[Input records]:
BEGIN

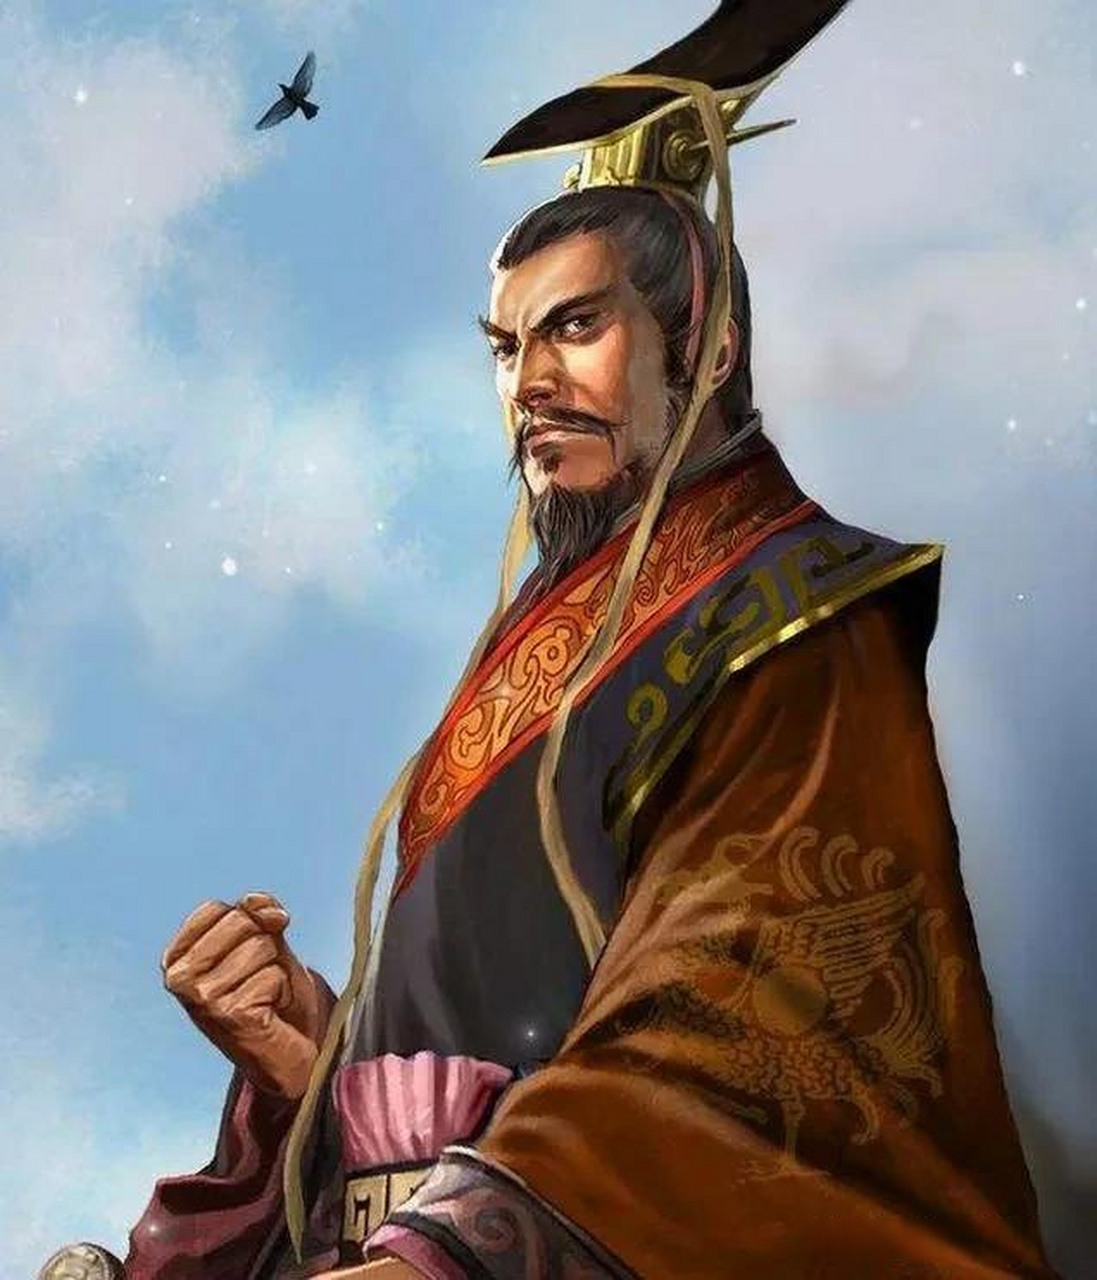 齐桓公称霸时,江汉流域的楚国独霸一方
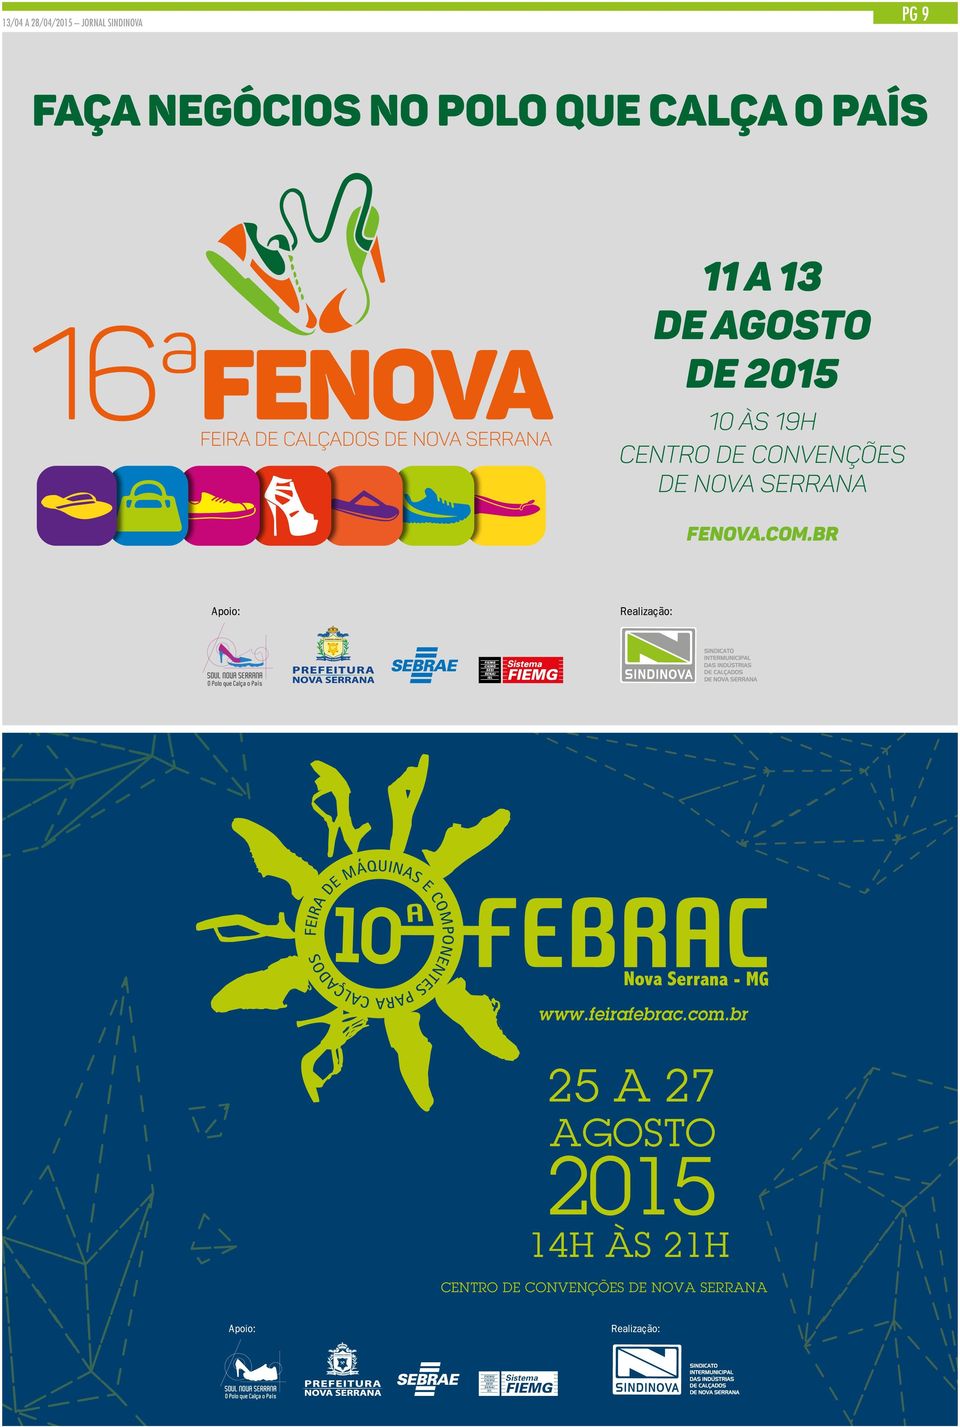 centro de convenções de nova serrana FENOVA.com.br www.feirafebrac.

END
BEGIN

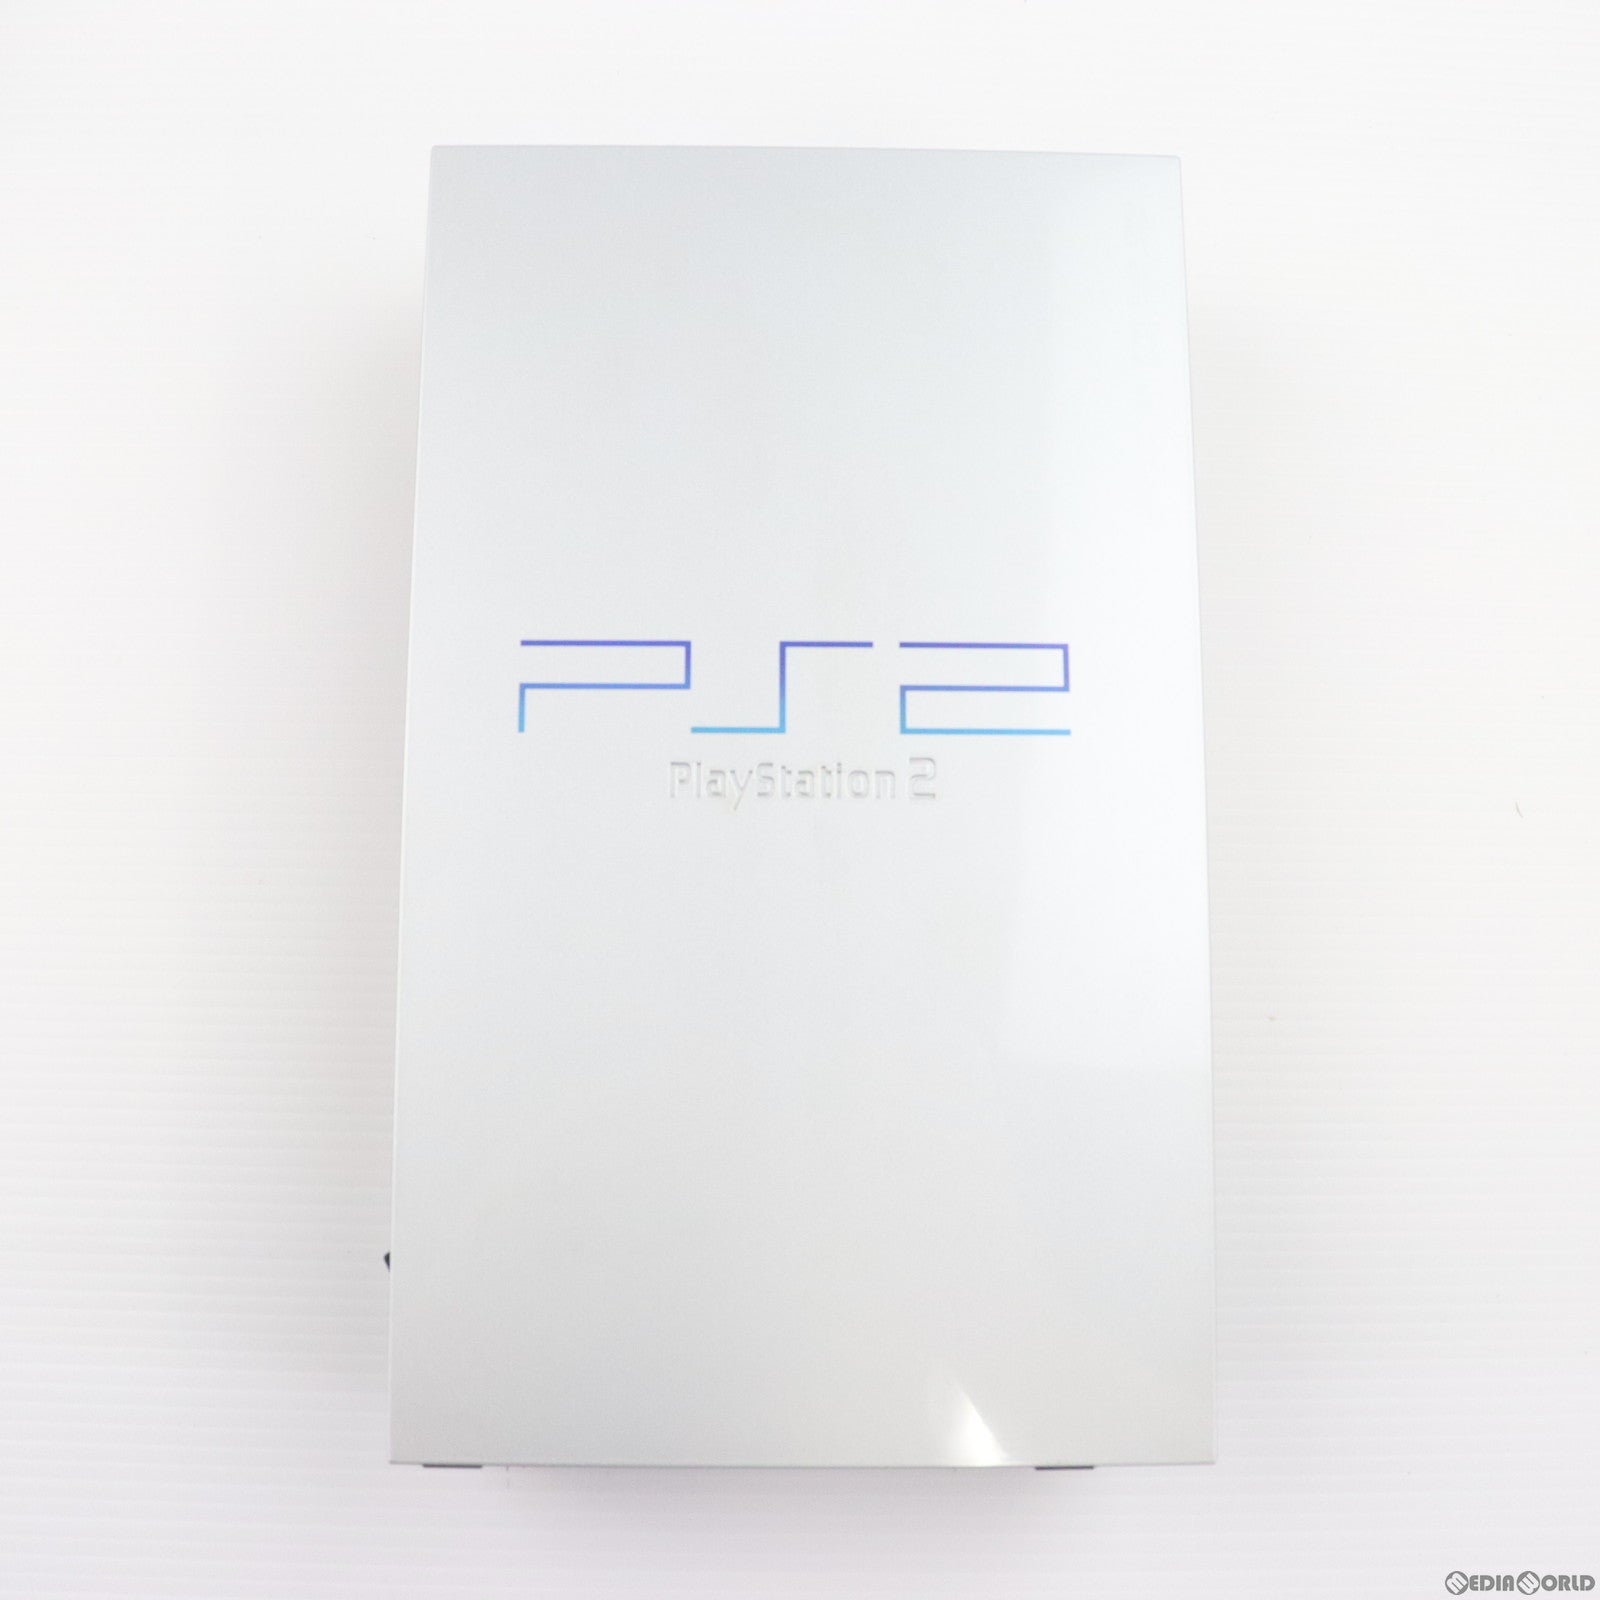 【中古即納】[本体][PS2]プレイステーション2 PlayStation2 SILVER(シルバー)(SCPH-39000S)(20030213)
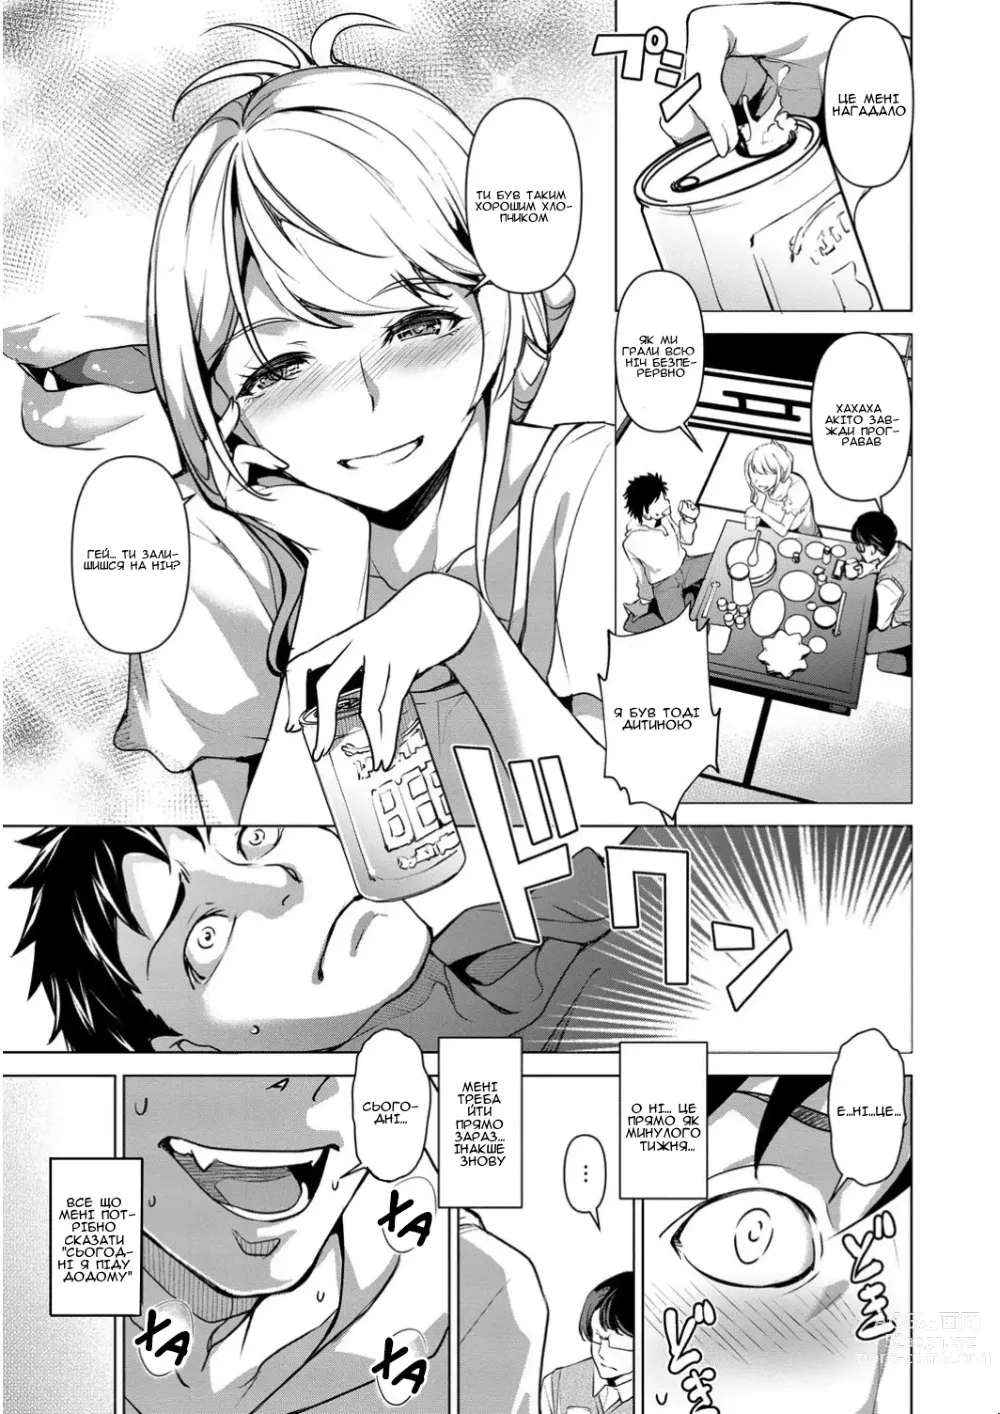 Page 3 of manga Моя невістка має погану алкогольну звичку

END
BEGIN

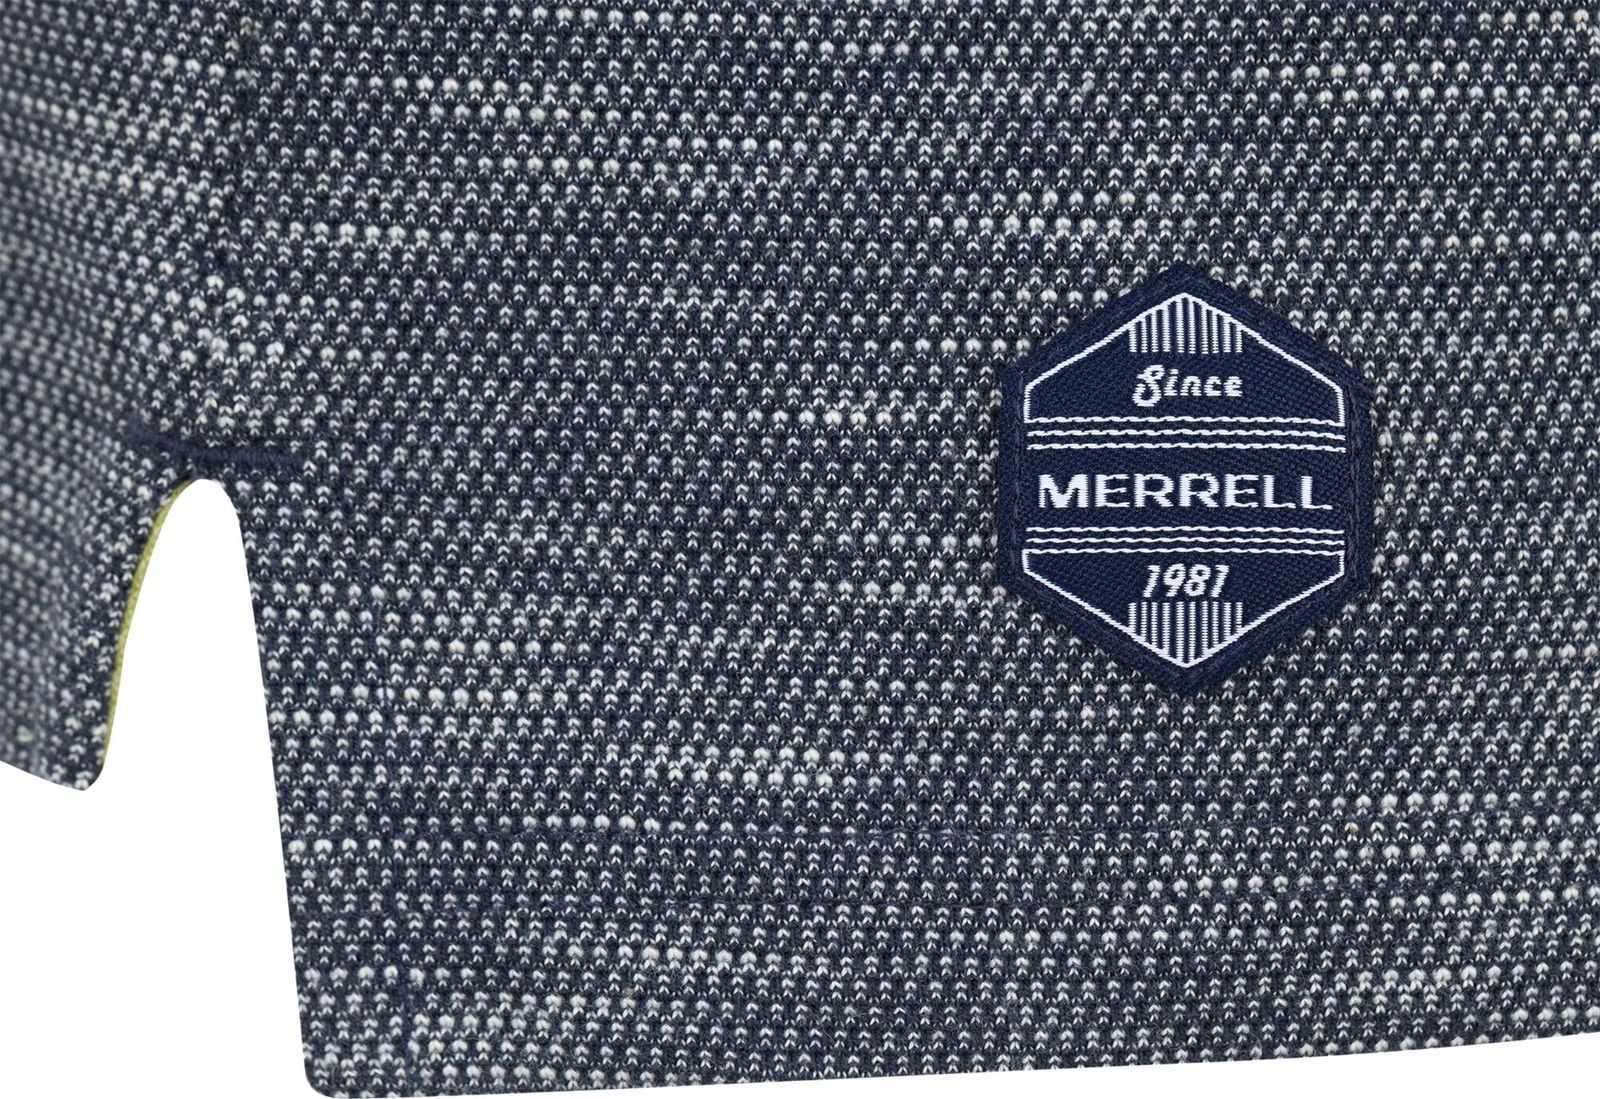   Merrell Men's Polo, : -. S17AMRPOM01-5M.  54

END

[What you are asked to do]: Above are records; write out the lines from the one with "齐桓公称霸时,江汉流域的楚国独霸一方" down to the one with "centro de convenções", exactly, leaving the pictures out.

[Problem solution]:
 齐桓公称霸时,江汉流域的楚国独霸一方
 centro de convenções de nova serrana FENOVA.com.br www.feirafebrac.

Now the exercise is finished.